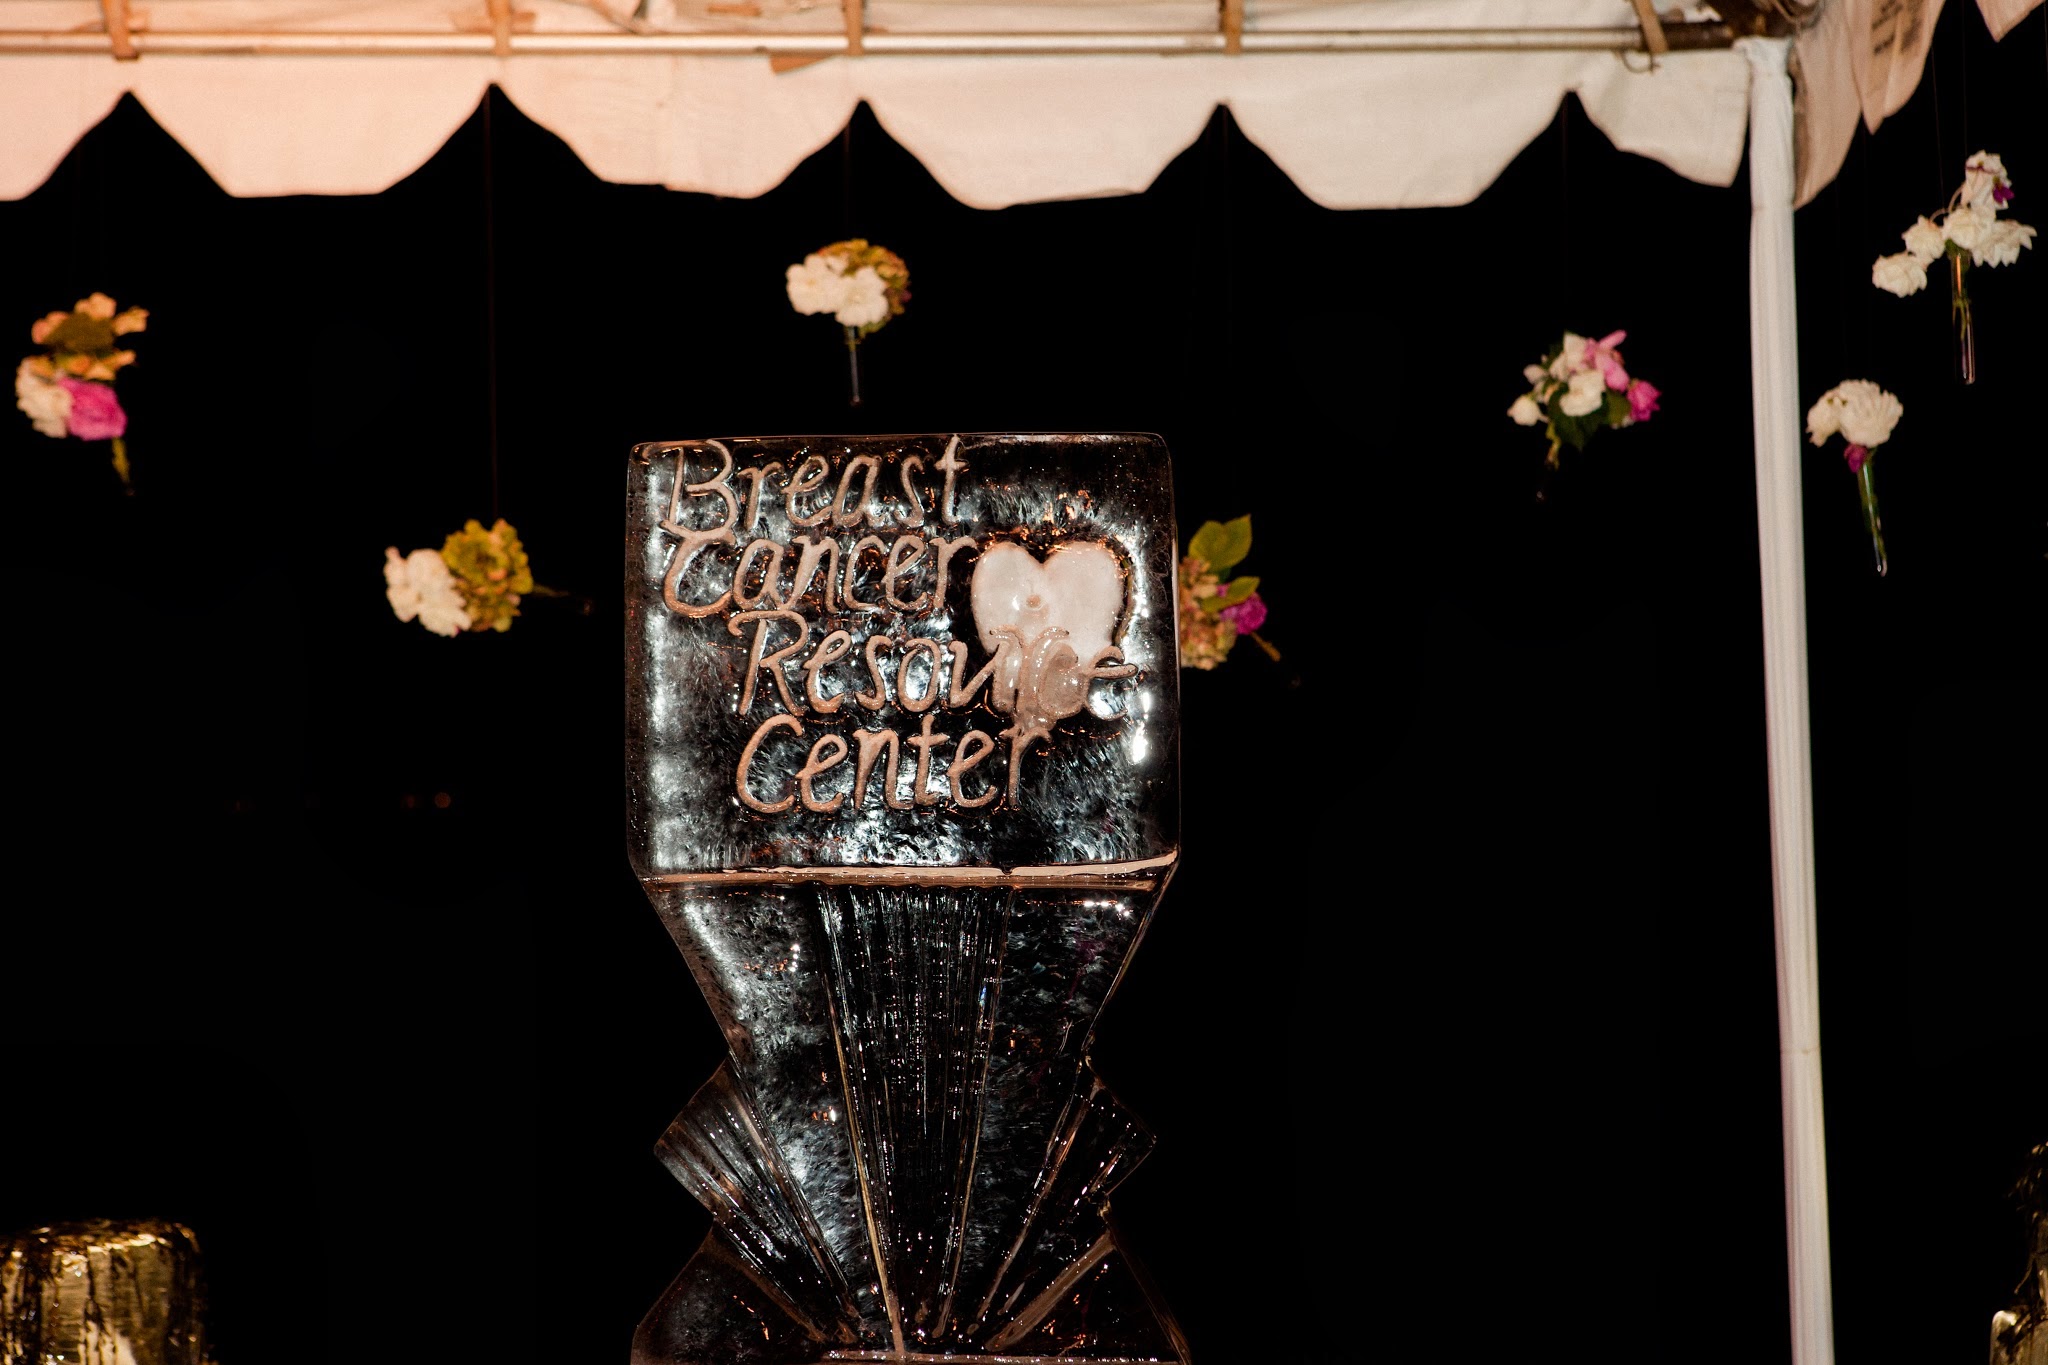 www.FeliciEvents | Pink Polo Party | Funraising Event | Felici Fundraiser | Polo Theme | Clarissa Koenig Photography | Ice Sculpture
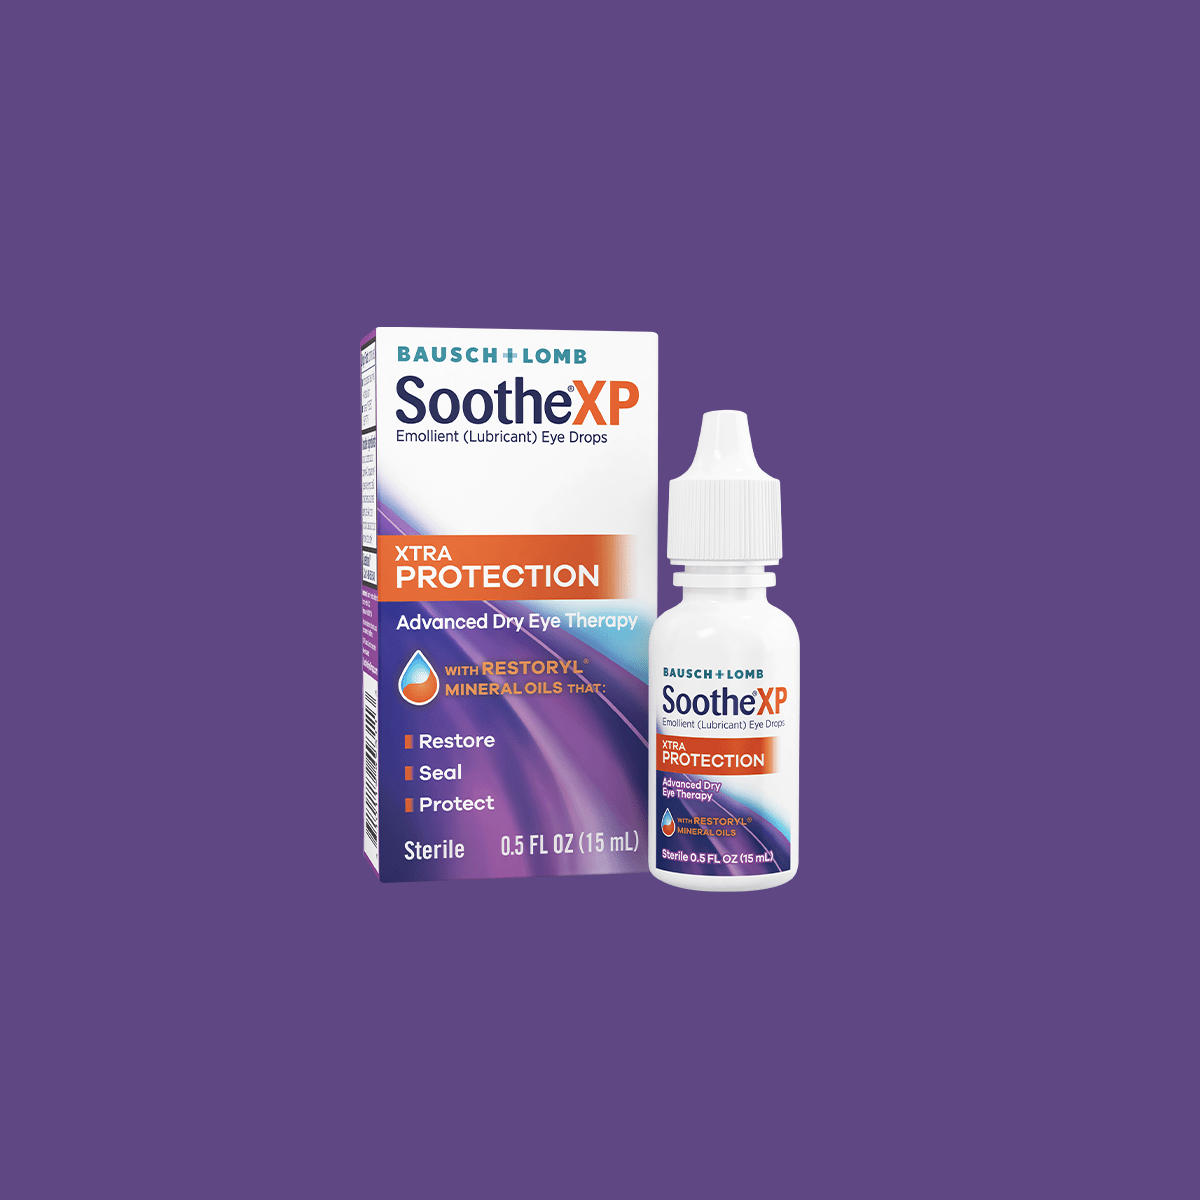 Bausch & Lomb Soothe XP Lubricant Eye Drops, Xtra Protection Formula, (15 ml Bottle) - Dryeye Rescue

* * *

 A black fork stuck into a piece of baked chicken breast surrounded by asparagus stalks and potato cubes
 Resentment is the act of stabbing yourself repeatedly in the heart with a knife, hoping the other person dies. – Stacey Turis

WHAT YOU SHOULD DO
Write out exactly the lines above between the line with "A black fork" and the line with "Resentment is the", inclusive, and nothing beyond them.

RESPONSE BOX
 A black fork stuck into a piece of baked chicken breast surrounded by asparagus stalks and potato cubes
 Resentment is the act of stabbing yourself repeatedly in the heart with a knife, hoping the other person dies. – Stacey Turis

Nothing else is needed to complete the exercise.